Sidney looked at the man, almost bothered by the fact he was still sitting next to him. “Yes, Peter… I will try and confirm what it is you’ve told me. How can I contact you again?”

“I will contact you. My m…m…master needs my constant care. He only gave me permission to be away for one hour to meet with you. I must return to him now.”

“So… he’s in Chicago, then?”

“No… my master is…” he hesitated, “… abroad,” he finished, evasively. Peter reached out to shake Sidney’s hand, seeking to bond him to the promises just made. Sidney could see the man’s right index finger was missing.

“Goodbye, Mr.
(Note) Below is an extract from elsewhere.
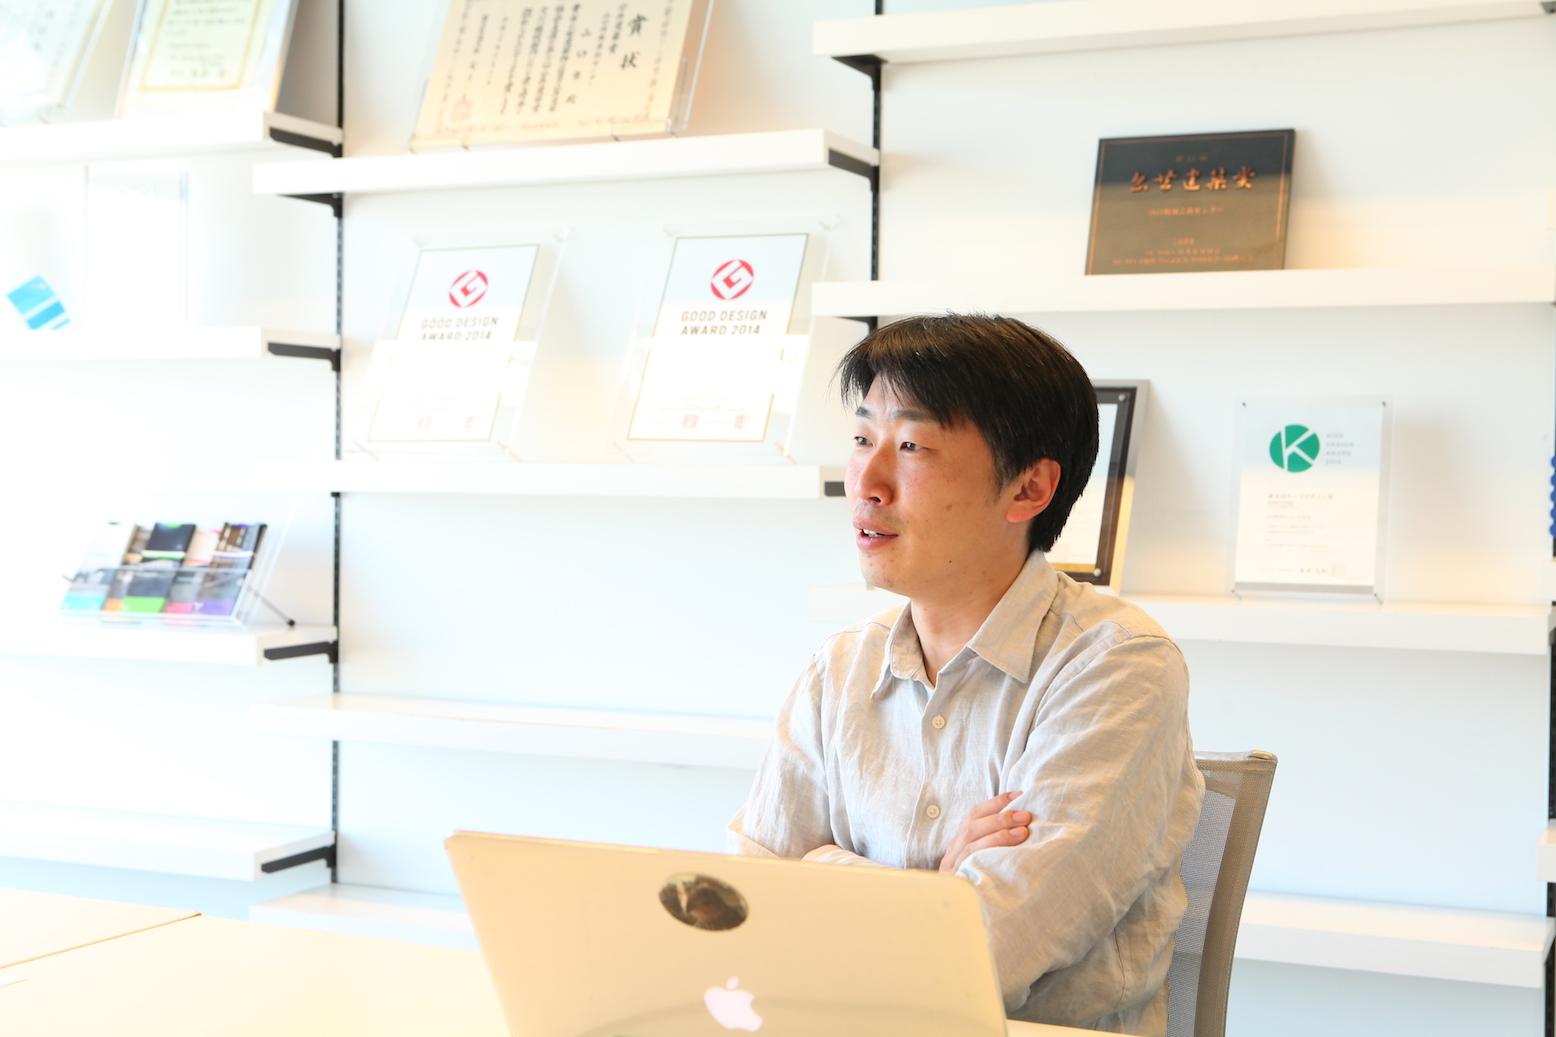 YCAMインターラボ アーキビスト/Webディレクター 渡邉朋也さん
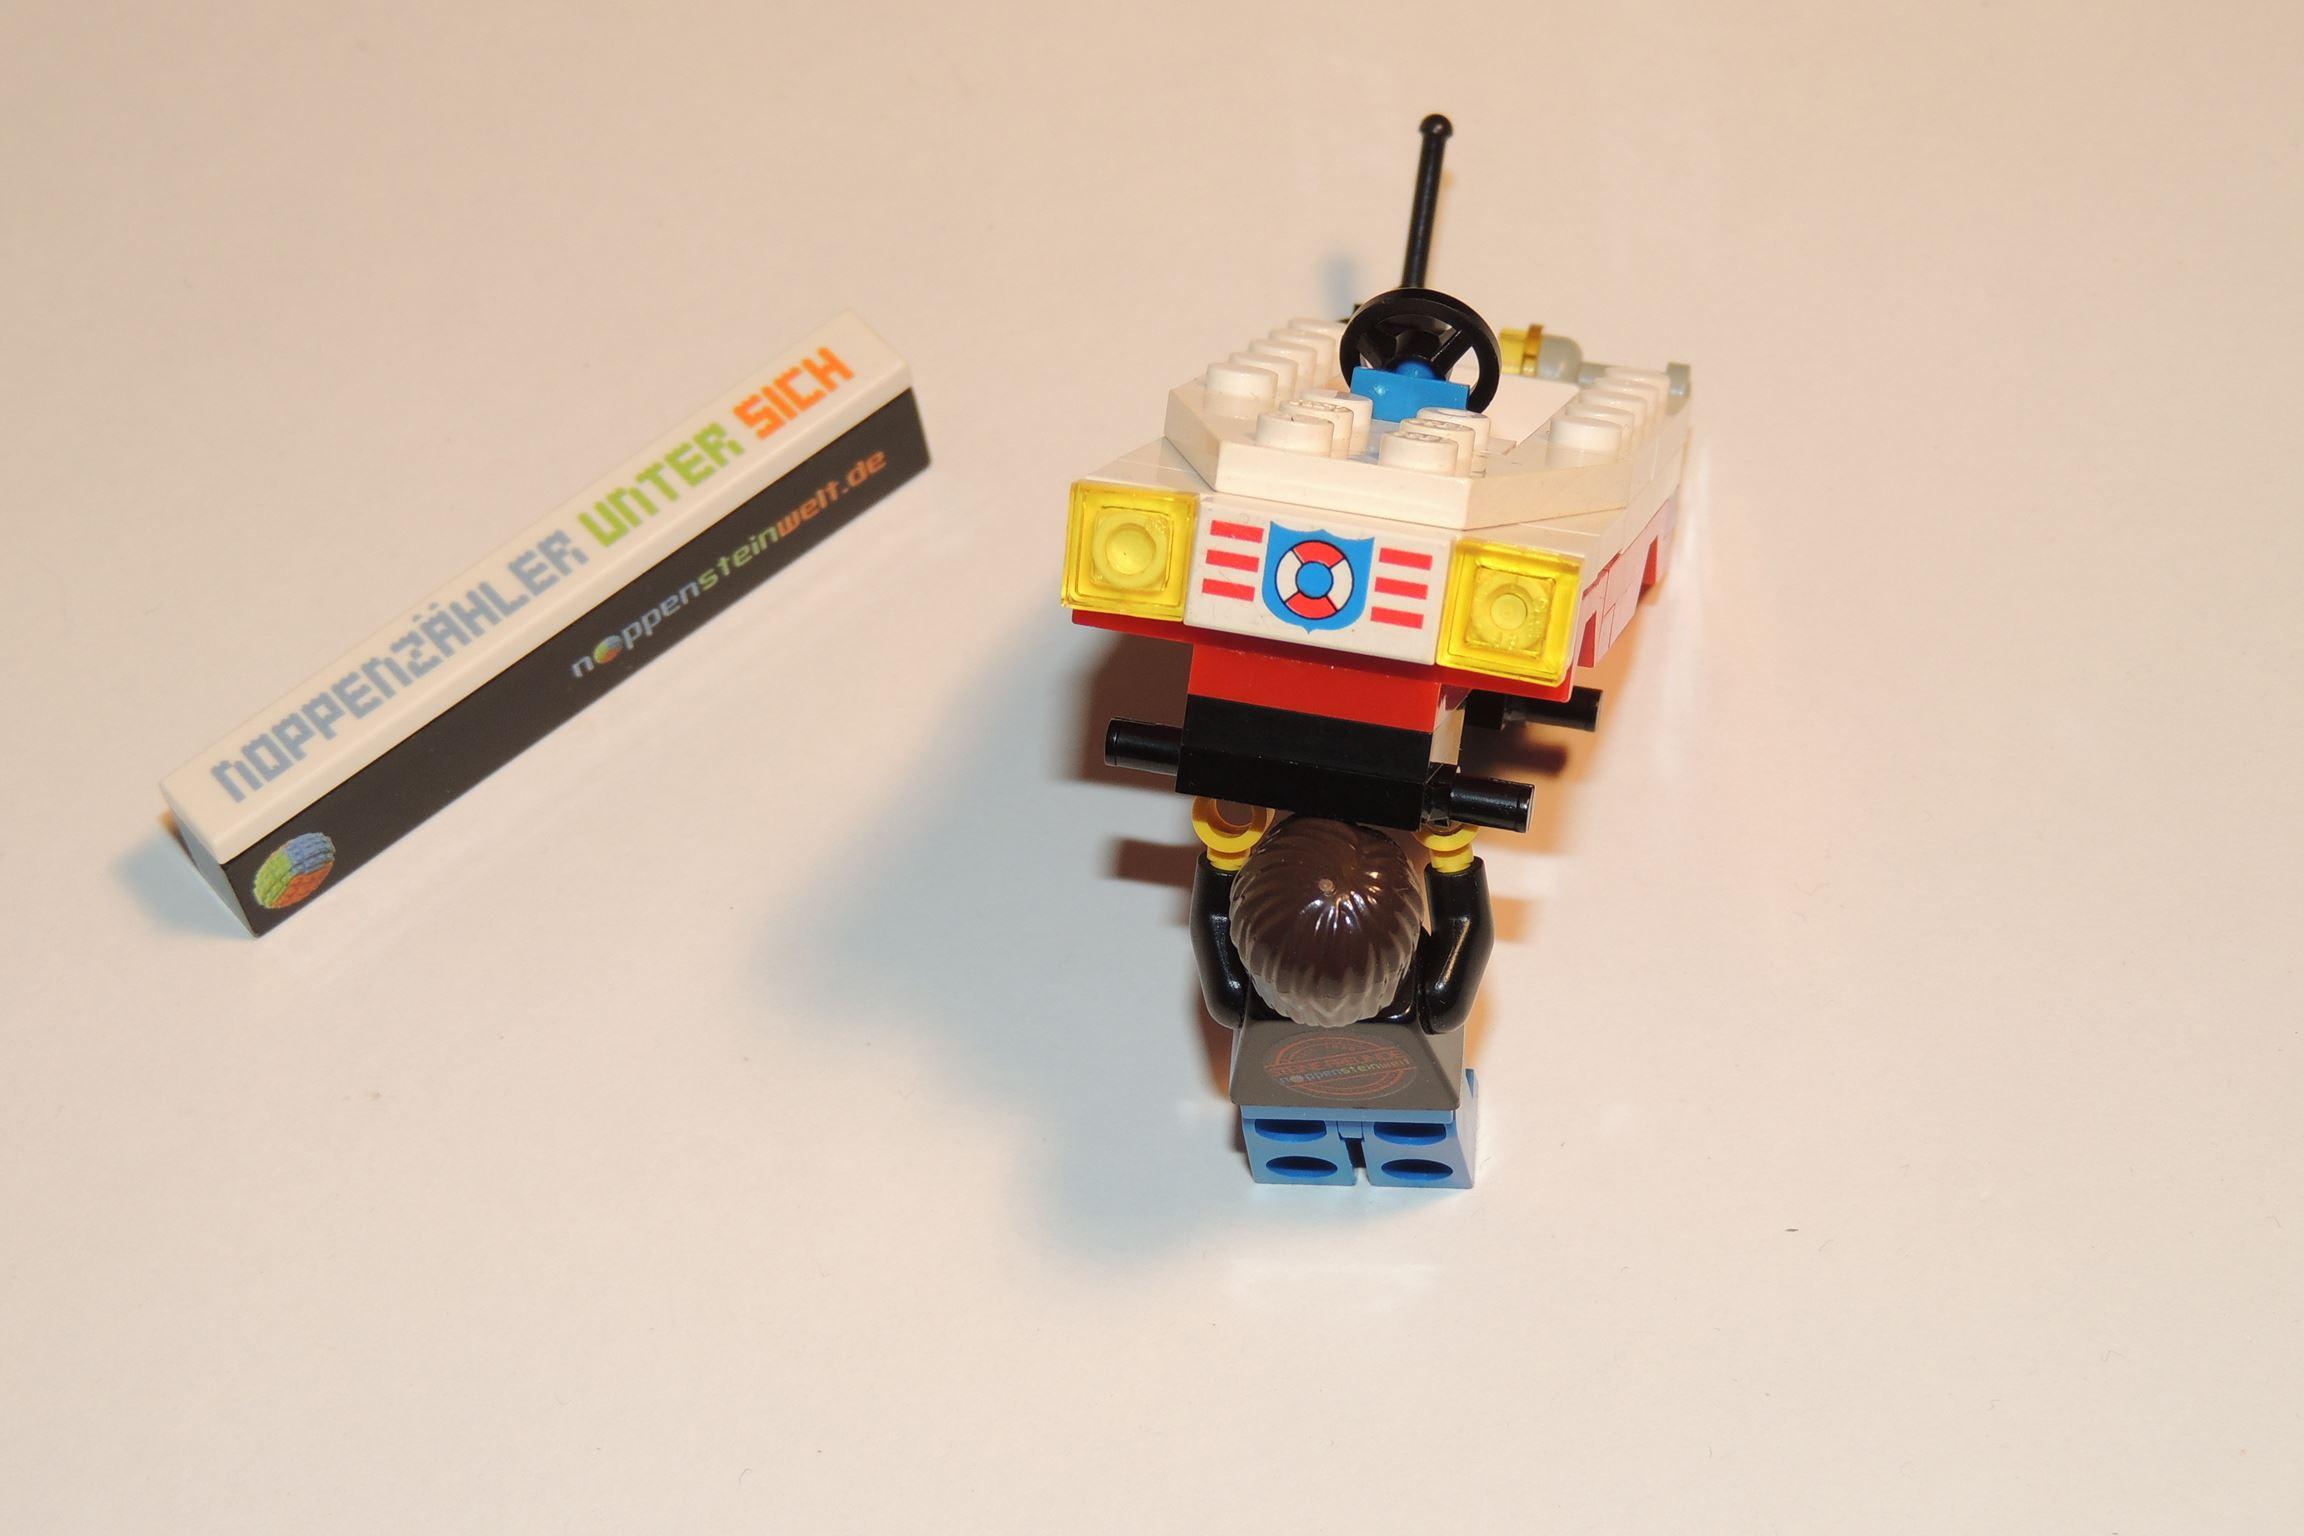 Beifahrerseite 1×1 Plate in Transgelb von Steinchenexpress. Farbe wie Lego.

Heidelbach. I will be in c…c…contact with you again… probably in the summer. Please, I beg you; stop your dealings with Grayson. My m…m…master will not tolerate your inaction again.”

The man raised the hood of his dirty cloak and then turned to leave, but before he reached the door, Sidney called out to him again.

“You never told me your last name?” But the man calling himself Peter didn’t stop to reply. He moved outside, quickly looked around, and then disappeared into the night.

Sidney sat back down at the bar and shoved his drink away. He didn’t want it anymore. Looking at himself in the mirror once again, the person looking back seemed more familiar this time, more determined. Peter, or whoever he was, had given him a clue, something to help him regain a part of what had been taken away from him. Anger was raging inside Sidney’s heart. Somebody stole a piece of his mind and he wanted it back. How dare somebody do this to him?

“It’s time we met again, Mister… Grayson.”